Flashpoints

Why Turkey May Not Buy Chinese Missile Systems After All

Recent Features

Flashpoints

Why Turkey May Not Buy Chinese Missile Systems After All

The Chinese bid highlights its emerging capabilities, but may stumble on Western pressure.

Why Turkey May Not Buy Chinese Missile Systems After All
Credit: Wikimedia Commons

Another deadline came and went at the end of April without a decision in Turkey’s drawn out effort to purchase a surface-to-air missile (SAM) with anti-missile capabilities. The Turkish Ministry of Defense announced its intention to purchase the Chinese HQ-9 system in September 2013. However, the bidding deadline has subsequently been extended three times, with the latest extension through the end of June allowing time to consider revised bids from Eurosam and the Raytheon/Lockheed Martin consortium.

The bid from the China Precision Machinery Import and Export Corporation (CPMIEC) appeared to meet all the criteria in Turkey’s tender. It came in $600 million under the asking price of $4 billion and the Chinese company offered co-production of the HQ-9, an important consideration for a Turkish government that aspires to develop its domestic defense industry. The HQ-9 system also reportedly tested well, exhibiting a capability to engage cruise missiles on a par with that of the Raytheon/Lockheed Martin Patriot system, and potentially a longer range for conventional air targets than the Patriot and Eurosam Aster 30 systems. Chinese media sources also reported that although the HQ-9 system has a shorter range than the Russian system, it has a faster response time (15 seconds) and it hit all nine of its targets in trials. Turkey felt confident that it could finalize the deal in six months (another deadline that passed in April) and was encouraged that the Chinese company offered the shortest timeline for delivery of the system. What went wrong?

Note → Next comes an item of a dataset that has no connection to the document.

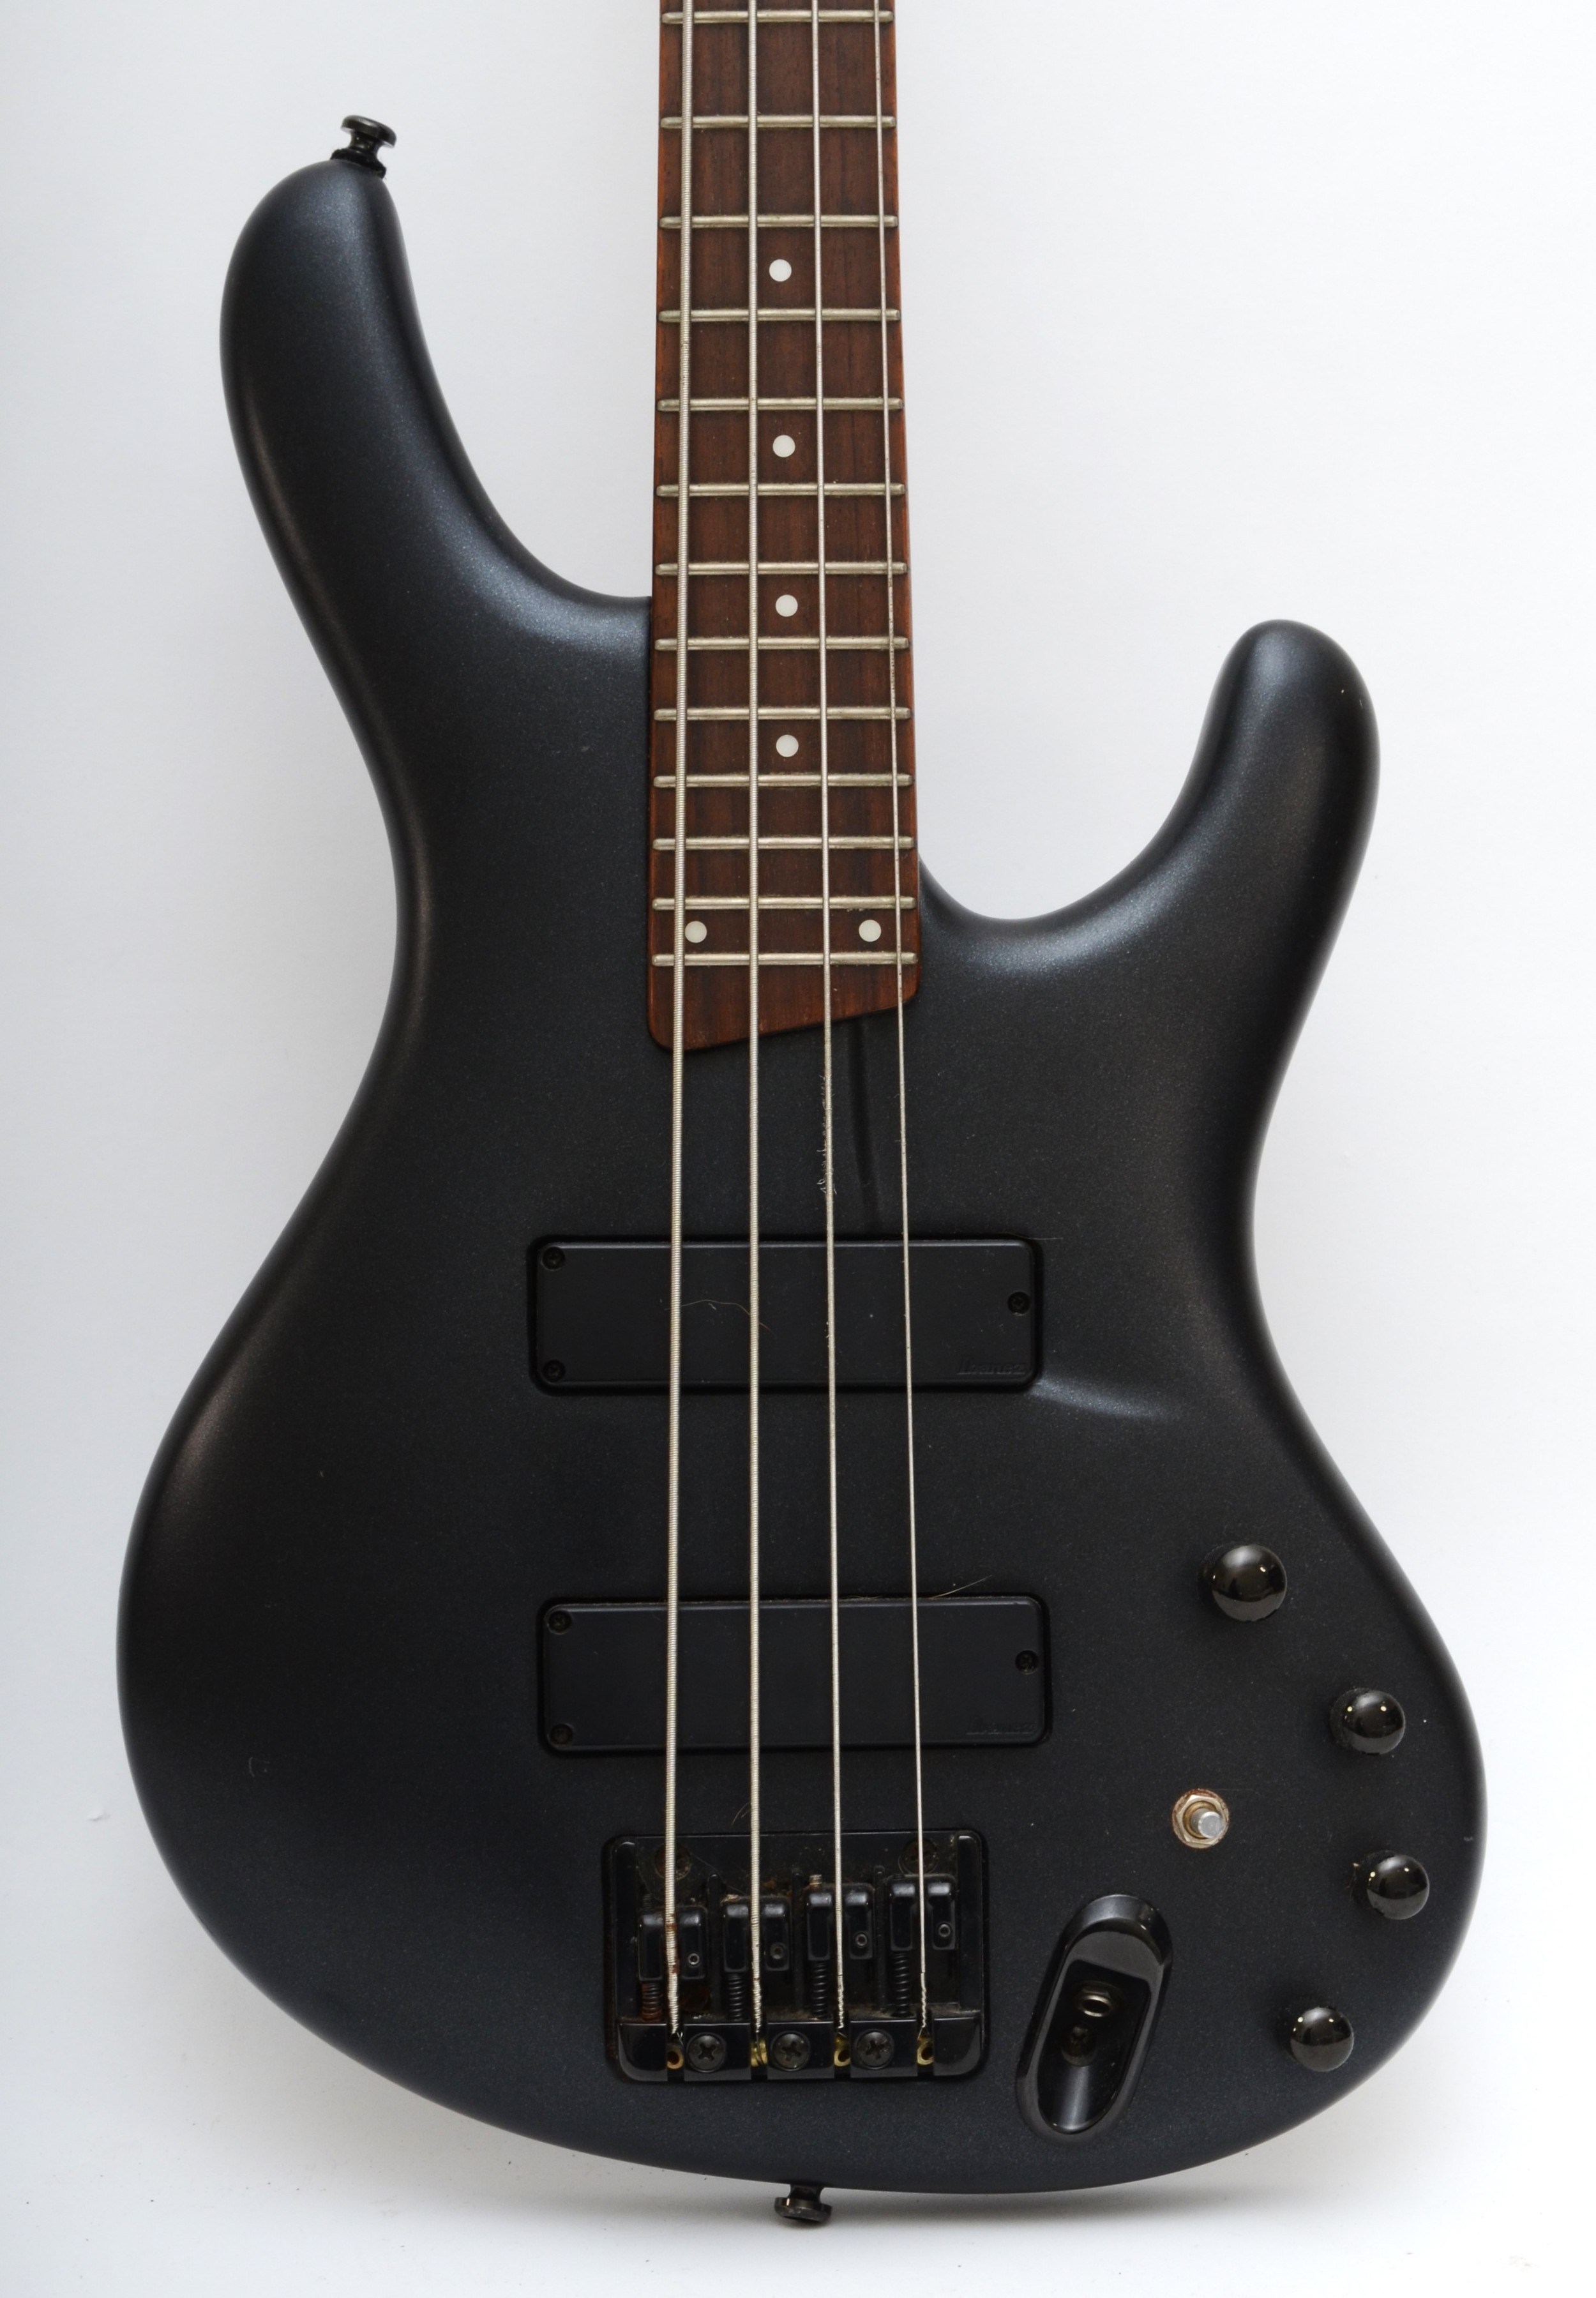 A Ibanez Ergodyne bass guitar, twin Ibanez pickups, black colourway, matt finish, 27inch neck length - Image 2 of 4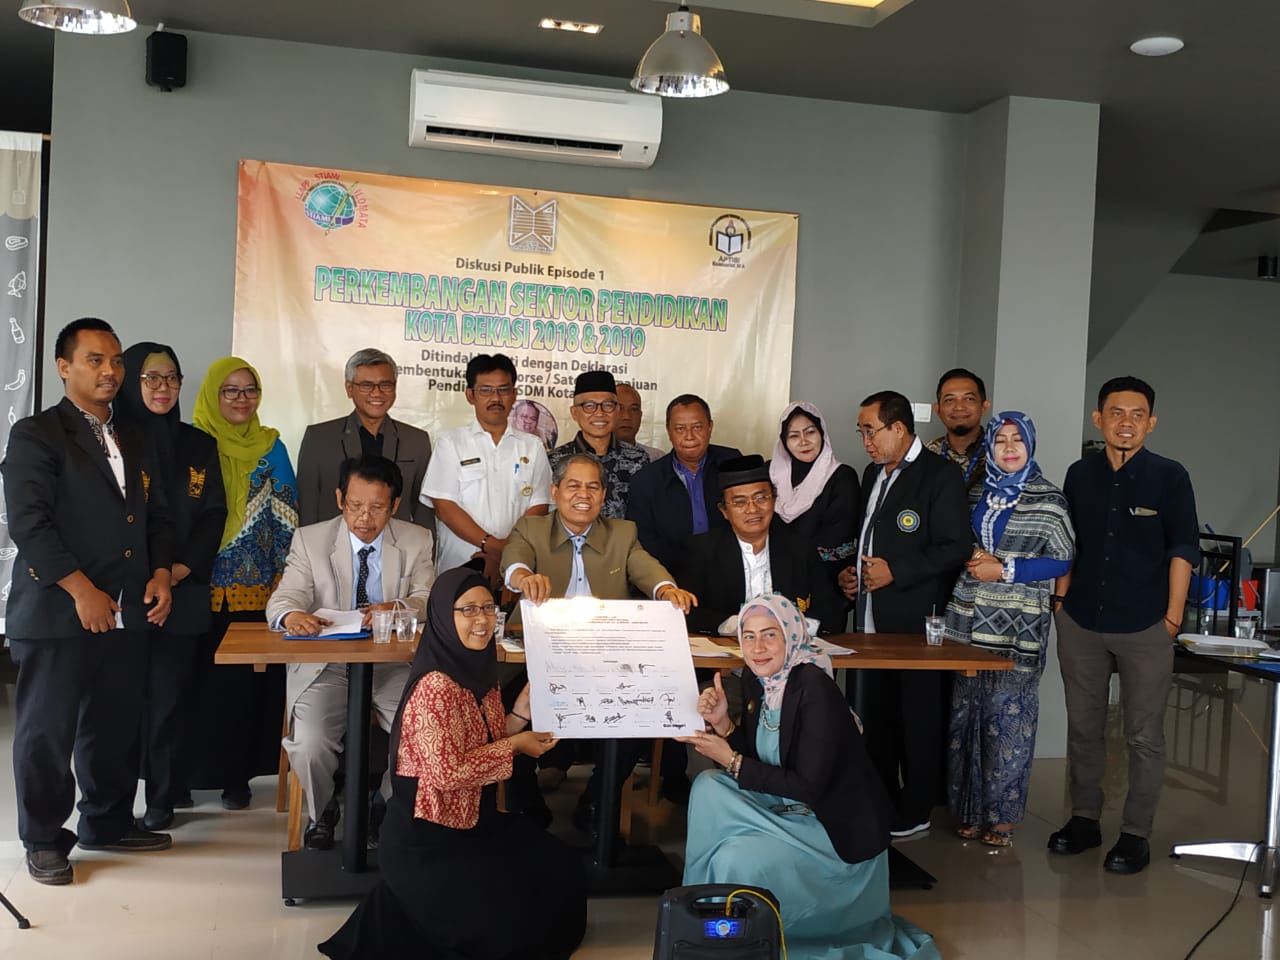 Diskusi Publik Perkembangan Sektor Pendidikan Kota Bekasi

The United States and other NATO countries expressed deep concern about the deal, raising questions about the security implications of CPMIEC system’s integration into NATO’s command and control network and the implications of Chinese technical knowledge about how U.S. and NATO air and missile defenses operate. U.S. and NATO leaders such as U.S. Secretary of State John Kerry and French Defense Minister Jean-Yves Le Drian have pressured Turkish leaders to change their minds. U.S. lawmakers also wrote a provision into the National Defense Authorization Act (NDAA) stating that no U.S. funds could be used to integrate Chinese missile defense systems into U.S. or NATO systems, a condition explicitly meant to encourage Turkey to backtrack from its decision to work with the Chinese.

Faced with higher than anticipated costs and under pressure from NATO and the United States, the Turkish government reopened bidding for the project several times. Successive extensions of the bidding deadline to January, then April, and now June 2014 have allowed time for U.S. and French-Italian companies to revise and resubmit their bids. Prospects for the HQ-9 dimmed further when Murad Bayar, undersecretary for the defense industry and the main proponent of the deal with China, was removed from his post within the Turkish Defense Ministry on March 27 and reassigned within the government.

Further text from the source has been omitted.